# Stocking Questions



## ThisDragonisNerdy (Mar 28, 2015)

I'm in the process of stocking my new 29 gallon freshwater planted community tank. Every time we go to the pet store, we see new fish we want to have. So, the list of fish I want just keeps growing. What I want to know is if I can realistically have them all. Here's what my tank looks like now:
Its filtered by an AquaClear 50. Later on I'm also planning on putting in a sponge filter. Double win- extra filtration and if I need to quarentine anyone I can just put it in my extra 10 gallon, which means instant cycle.
Its kept at a constant temp of 79 degrees.
Whats in it:
8 neon tetras, 5 Harlequin Rasboras, 5 Kuhli loaches, 2 female swordtails, 2 black skirt tetras and 2 fancy guppies. And a single moss ball and some Java moss.
What I want to have in there:
hatchet fish (shoal of 6 or so), a mixed school of galaxy and pheonix rasboras, a German blue ram cichlid, a bristlenose pleco, a school of 7 or so rummy noses, some ghost shrimp, and I want to try to have a female betta too. I'll have a backup tank availible, in case she doesn't cooperate.
I've read that hatchet fish can I have difficulty when it comes to being outcompeted fo food, is there any special way or method of making sure they eat? Also, my filter intake is going to be covered in a sponge, so they dont get sucked in.
I'm also going to have alot more plants than are in it now.
All advice is greatly appreciated!


----------



## Aqua Aurora (Oct 4, 2013)

aqadvisor.com
Plug your filter, tank and fish stock in there ... At first glace I think you'll be overstocked/crowded with that list. 
[why doesn't [strike] [/strike] work on this forum =.= removing misinformation about tummies-mixed them up with some 6" species in my head sorry.
Hatchet fish are known jumpers, do you have a lid for this tank? If not get one.
I've not kept gbr and bettas together but they're both aggressive fish that claim territories, it might get ugly (or you may get passive ones that get along fine-have a back up to remove one if it goes bad).
Shrimp are likely to end up on the menu (or scared into jumping out) unless its a very densely planted ad well aged tank (plenty of microfauna fr them to forage on).
Your black skirt tetra really should be in a school of 6 or more. Would not keep betta(s) and black skits-those tetra are known to be nippy.


----------



## RussellTheShihTzu (Mar 19, 2013)

This is just my experience:

Mixed Rasbora do not always shoal. I have Espei, Chili, Phoenix and Sundadanio in the eight and the only time they're together is when I feed. Every time I look at them I'm in awe of how something that tiny can survive and thrive.

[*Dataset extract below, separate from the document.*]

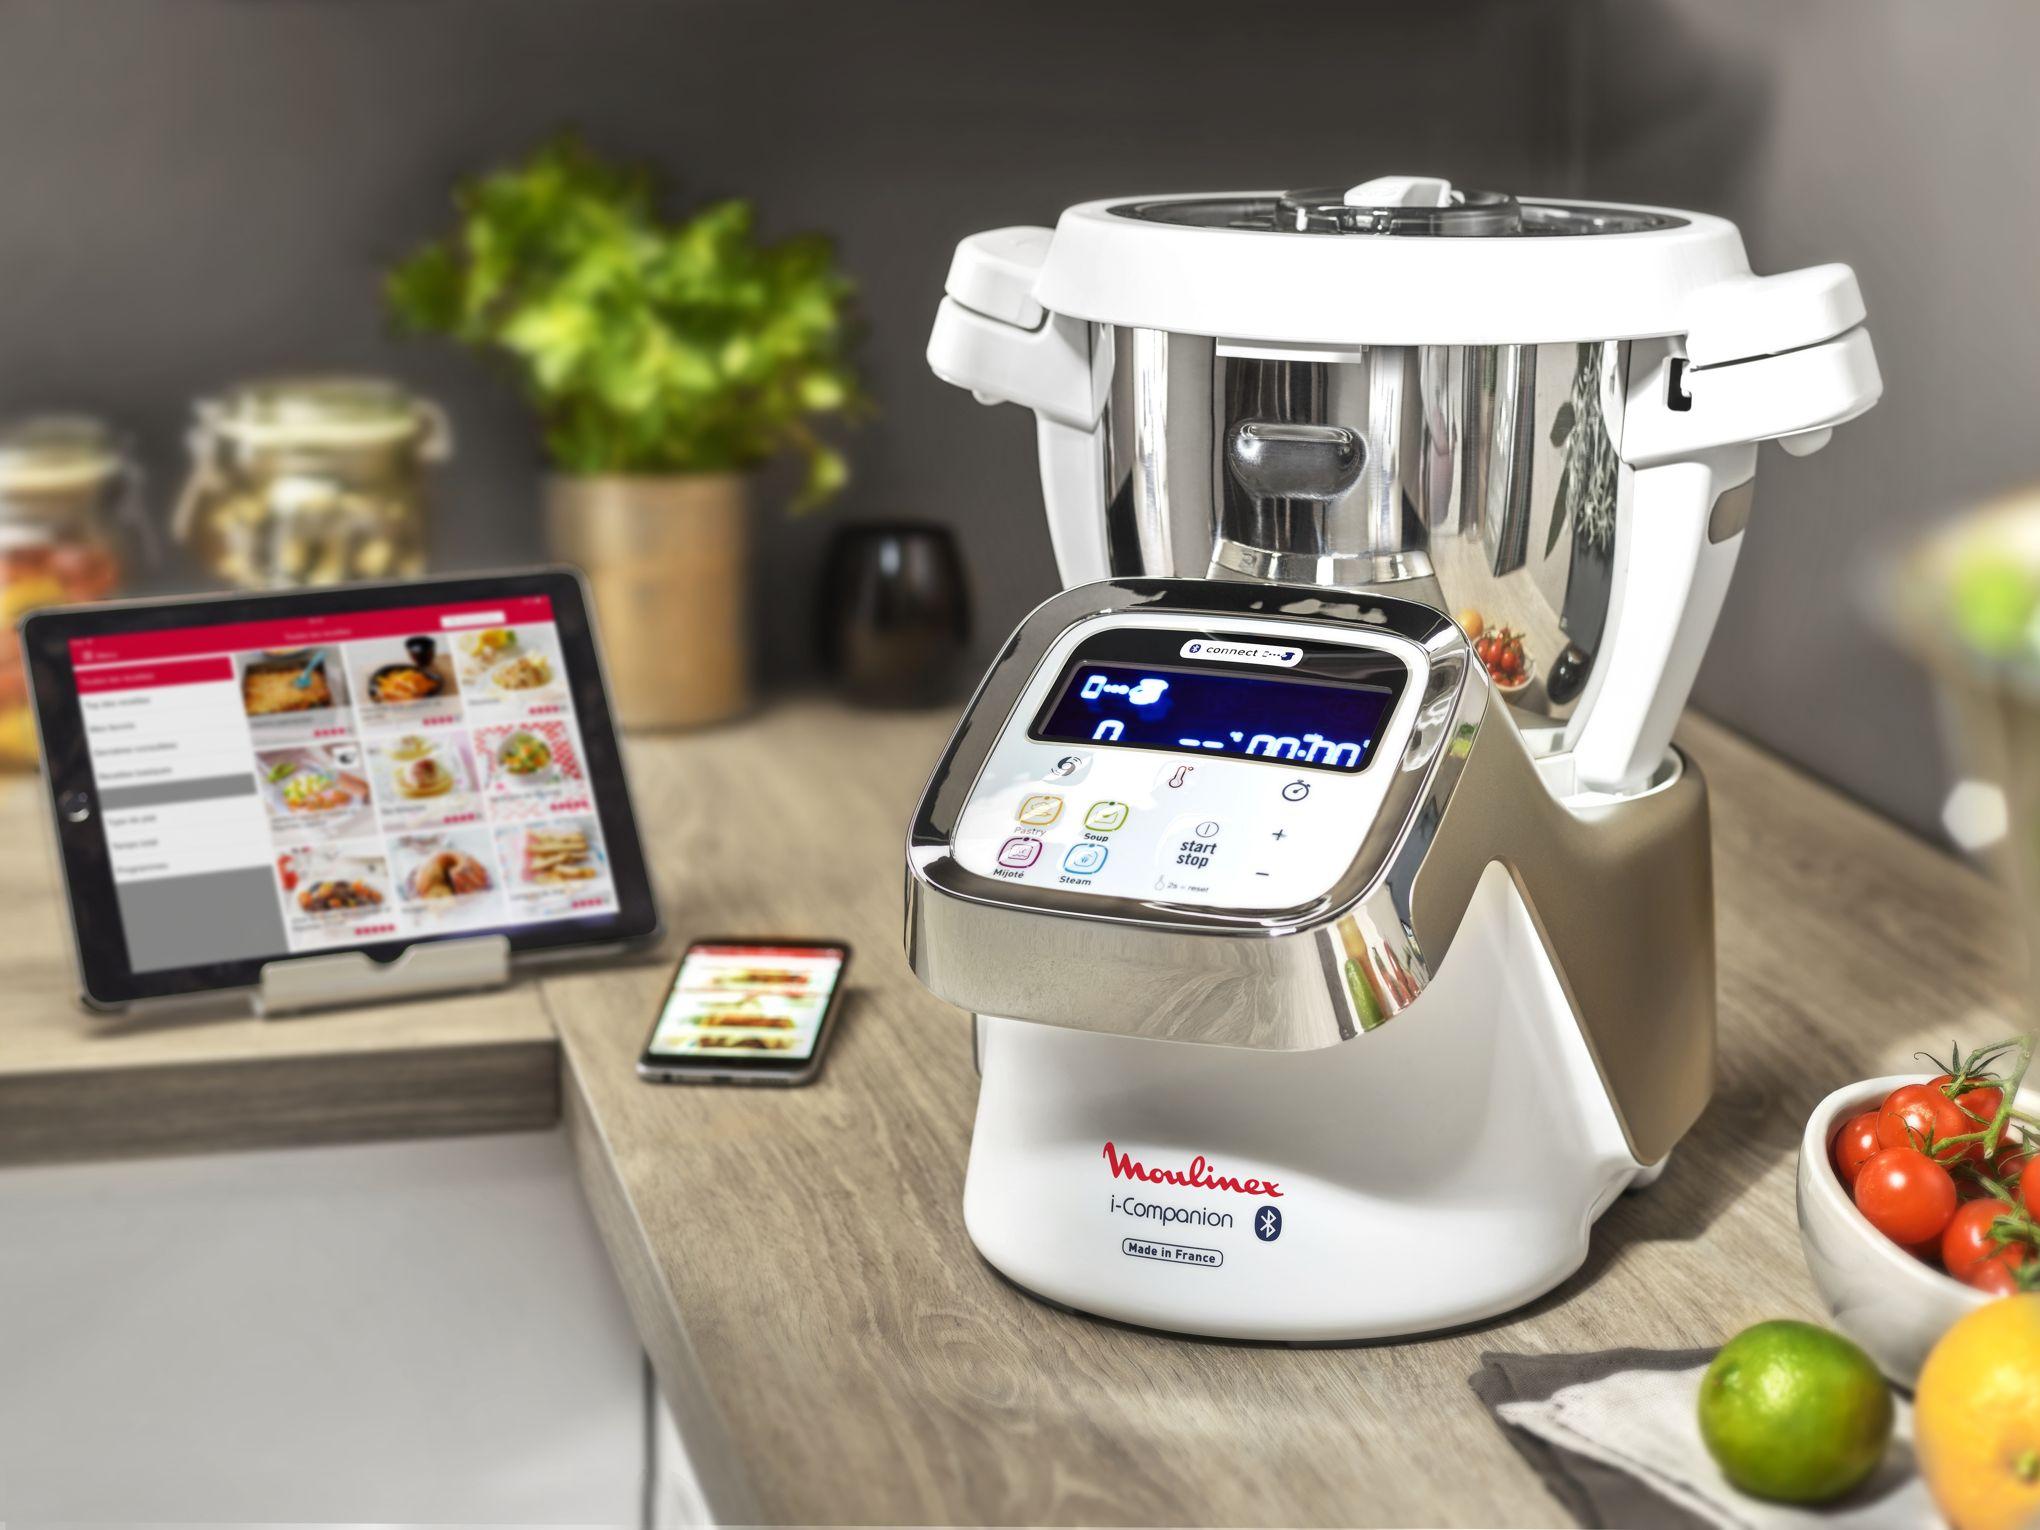 robot cuisine vorwerk prix robot cuisine vorwerk prix with robot cuisine vorwerk prix free. Black Bedroom Furniture Sets. Home Design Ideas

You list eight shoaling species (3 Rasbora, 3 Tetra, Hatchets, Kuhli) which can get by in a Nano-only tank with the minimum of six. That's at least 48 fish. 

BUT....the itty bitty ones (1" and under) actually need 10+ if you're going to have fish so much bigger than they are like the Rams which are three times their size and semi-aggressives like the Black Skirts which get up to 2.5". (I think MikeG has Black Skirts so he can correct me if I'm wrong but I'm pretty sure they're known for chasing and nippy?)

Because of the Rams, Betta and Black Skirts you'll need a lot of plants; a virtual jungle so the Nano will feel safe and act normally. A tank where the bigger fish don't have an open view from one end to the other of the tank. The Micro fish won't hide 24/7 with larger fish in the aquarium but they do need places to make a quick getaway.

You might try plugging in to www.aqadvisor.com. They tend to be a bit conservative in their stocking but they do compare parameters so you'll know if they're compatibe that way.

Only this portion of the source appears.